Key idea: interpret POMDP as an MDP with enlarged state space: new states correspond to beliefs $P(X_t|y_{1:t})$ in the original POMDP.
Once we have the newest observation $Y_{t+1}$, applying Bayesian filtering, a deterministic function, to update on the observations
Settings
- the set of state space: $X_1,X_2,\cdots,X_n$
- the set of action space: $A_1,A_2,\cdots A_m$
- the set of observation space: $Y_1,Y_2,\cdots Y_k$
- Transition probability: $P(X_{t+1}|X_t,A_t)$
- observation probability: $P(Y_t|X_t)$
Consider at time $t$,
- we have the belief $B_t=b_t$, where $b_t$ is an instance of $n$-dimension probability vector.
- Suppose we take the action at
- and observe $y_{t+1}$.
In this way,
$$
b_{t+1}(x)=\Pr[X_{t+1}=x|y_{1:t+1},a_{1:t}]
$$
$$
=\frac{1}{Z}\sum_{x’}\Pr[X_t=x’|y_{1:t},a_{1:t-1}]\Pr[X_{t+1}=x|X_t=x’,a_t]\Pr[Y_{t+1}=y_{t+1}|x]
$$
That means $ b_{t+1}=f(b_t,a_t,y_{t+1})$
Transformation
Transform into a new MDP problem:
states: beliefs over states for original POMDP: $\mathcal{B}={b:{1,2,\cdots,n}\to[0,1],\sum_xb(x)=1}$
actions: same as original MDP
Transition model:
- stochastic observations: the observation of the next time only depends on our belief of the current time and the action we take. $\Pr[Y_{t+1}=y|b_t,a_t]=\sum_x b_t(x)\Pr[Y_{t+1}=y|X_t=x,a_t]$
- state update Bayesian filtering: Given $b_t$, $a_t$, $y_{t+1}$: $b_{t+1}(x’)=\frac{1}{Z}\sum_x b_t(x)\Pr[X_{t+1}=x’|X_t=x,a_t]\Pr[y_{t+1}|x’]$
Reward function: $r(b_t,a_t)=\sum_x b_t(x)r(x,a_t)$
If we can solve the new MDP, we can solve the original MDP.
Approximate solutions
The belief state space could be exponential.
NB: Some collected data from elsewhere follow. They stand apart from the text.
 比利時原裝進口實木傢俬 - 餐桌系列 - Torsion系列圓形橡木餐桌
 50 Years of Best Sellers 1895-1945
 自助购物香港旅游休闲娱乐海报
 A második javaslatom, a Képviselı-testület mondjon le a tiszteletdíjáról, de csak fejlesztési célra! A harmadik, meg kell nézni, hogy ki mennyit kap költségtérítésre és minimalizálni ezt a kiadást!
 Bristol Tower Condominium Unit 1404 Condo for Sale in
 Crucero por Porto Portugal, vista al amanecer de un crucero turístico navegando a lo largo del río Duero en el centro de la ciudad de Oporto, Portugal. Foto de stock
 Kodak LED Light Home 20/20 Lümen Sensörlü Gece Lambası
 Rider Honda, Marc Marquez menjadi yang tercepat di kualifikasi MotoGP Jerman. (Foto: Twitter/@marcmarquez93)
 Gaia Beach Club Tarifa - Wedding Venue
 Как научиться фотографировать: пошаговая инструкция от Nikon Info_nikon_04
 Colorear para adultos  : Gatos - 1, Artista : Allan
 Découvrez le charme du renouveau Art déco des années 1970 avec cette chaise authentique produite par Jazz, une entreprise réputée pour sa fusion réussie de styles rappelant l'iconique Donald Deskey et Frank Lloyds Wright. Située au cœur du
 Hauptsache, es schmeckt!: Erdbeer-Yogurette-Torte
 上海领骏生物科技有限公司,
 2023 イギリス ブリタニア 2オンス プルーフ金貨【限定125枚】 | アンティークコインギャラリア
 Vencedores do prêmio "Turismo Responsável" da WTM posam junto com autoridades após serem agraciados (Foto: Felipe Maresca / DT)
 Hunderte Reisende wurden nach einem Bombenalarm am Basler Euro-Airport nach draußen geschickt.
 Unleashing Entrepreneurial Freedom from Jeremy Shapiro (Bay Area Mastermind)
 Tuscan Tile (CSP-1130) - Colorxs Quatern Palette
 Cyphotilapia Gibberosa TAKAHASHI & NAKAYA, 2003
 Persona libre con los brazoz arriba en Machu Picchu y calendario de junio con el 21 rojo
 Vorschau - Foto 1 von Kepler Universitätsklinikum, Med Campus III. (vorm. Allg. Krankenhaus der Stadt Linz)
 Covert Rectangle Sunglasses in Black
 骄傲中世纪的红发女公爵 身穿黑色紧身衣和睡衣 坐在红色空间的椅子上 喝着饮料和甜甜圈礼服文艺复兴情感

We need some approximate solutions.
The key idea: most belief states never reached, we want to limit the belief space, approaches like:
- discretize the belief space by sampling
- dimension reduction
Policy gradient method
Limit the policy space to some parametric family. Then transform the problem into an optimization problem.
Planning
- use the inference model to do planning
- condition not only on the past, but also on the future, find the action to lead me to that future.